Für die pubertierende Teenagerin Leah Reyes (Nicole Muñoz) sind Schwarze Magie, gothic looks und Black Metal hauptsächliche Interessengebiete. Ihre depressive Mutter (Laurie Holden) kommt nicht über den Tod ihres Gatten und Leahs Vater hinweg, weshalb sie ihre Tochter nötigt, mit ihr in ein weit abgelegenes Haus in der Provinz umzusiedeln. Für Leah bedeutet das mittelfristig einen Schulwechsel und somit den Verlust ihrer Freunde. Nach einem heftigen Streit beschwört das Mädchen mithilfe eines ihrer Bücher einen Dämon, den Pyewacket, und beauftragt ihn, die Mutter zu töten. Es dauert nicht lang, bis Leah die überhastete Aktion bereut, doch der Pyewacket hat viele gemeine Tricks auf Lager.
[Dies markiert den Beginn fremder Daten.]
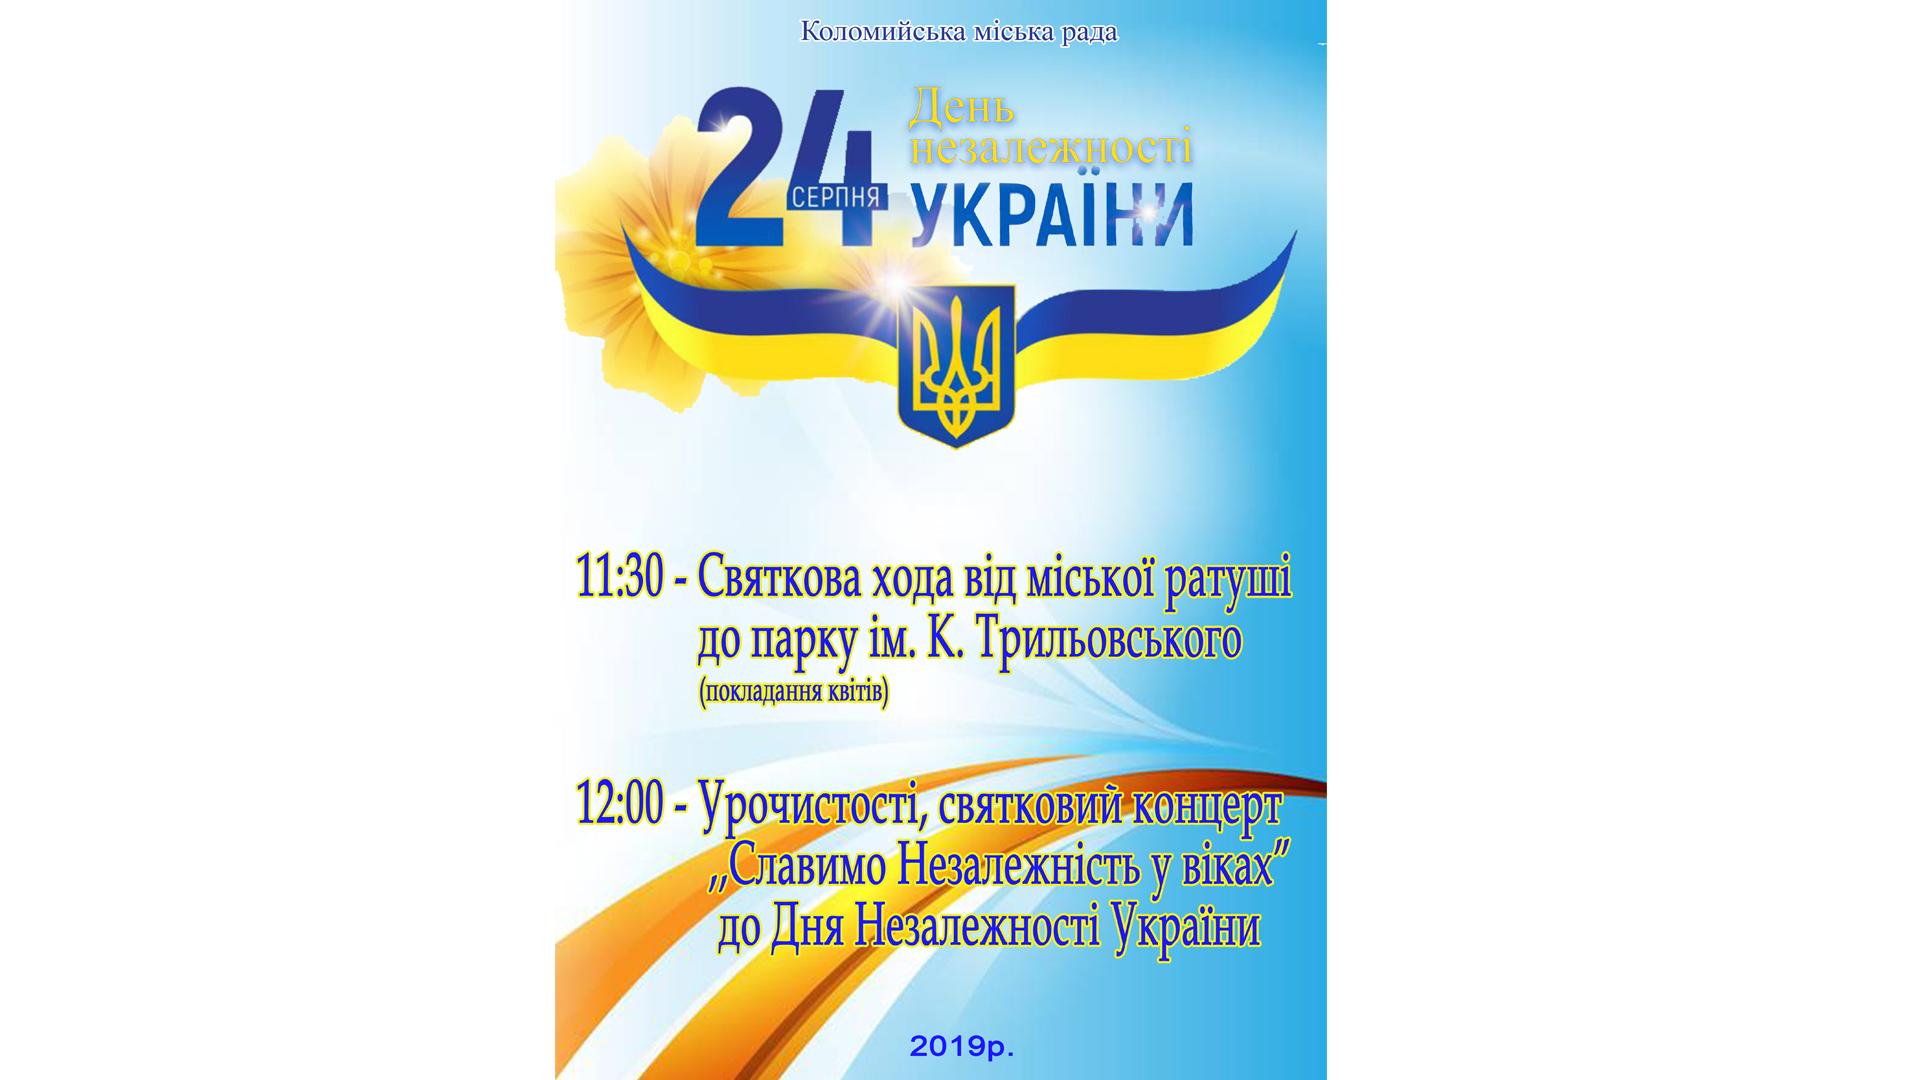 Як у Коломиї відсвяткують День Незалежності України

Psychologisch konnotierte Horrorfilme über Teenager in der Identitätskrise gewinnen in jüngerer Zeit wieder besonders regen Zulauf. Der kanadische Schauspieler und Regisseur Adam MacDonald nimmt sich in seinem zweiten Kinostück nach dem an die Nieren gehenden „Backcountry“ genau dieses Themenkomplexes an und bringt ein Vexierspiel über das Verhängnis eskalierender Generationskonflikte sowie ein sich in ihrer Emotionalität verlierendes Mädchen, das eine verhängnisvolle, affektgesteuerte Entscheidung trifft und daran zerbricht. Ein veritabler Horrorfilm scheint mir „Pyewacket“ dabei allerdings bloß im übertragenen Sinne zu sein – MacDonalds Script ist so geschickt aufgebaut, dass bis zum Ende hin berechtigte Zweifel daran bestehen können (und vermutlich auch sollen), dass es den Pyewacket wirklich gibt. Schlüssiger erscheint mir da die alternative Option: Ihre psychische Zwangslage lässt Leah schizophren und jenen vermeintlichen Dämon zum Stellvertreter ihrer eigenen Aggressionen werden. Wir erfahren, dass Leah und ihr Vater eine besonders enge Beziehung zueinander hatten. Möglicherweise bildete die Mutter schon damals einen eifersuchtsbedingten Störfaktor für das Mädchen. Jetzt, da die männliche Ankerperson verlustig ist, bleibt nurmehr eine einzige, große Reibungsfläche zwischen den beiden Frauen, die sich immer wieder durch latenten Hass und böse Worte entlädt. Nun reicht allein der bloße, einmal formulierte und veräußerte Wunsch Leahs nach dem Tod der Mutter, um ihr auch noch das letzte Stück vorhandener Balance zu entreißen. Ohnehin spielt es am Ende eine untergeordnete Rolle, ob das Mädchen zur psychotischen Gewalttäterin wurde oder ein obskurer Dämon – Leah wird es so oder so auszubaden haben.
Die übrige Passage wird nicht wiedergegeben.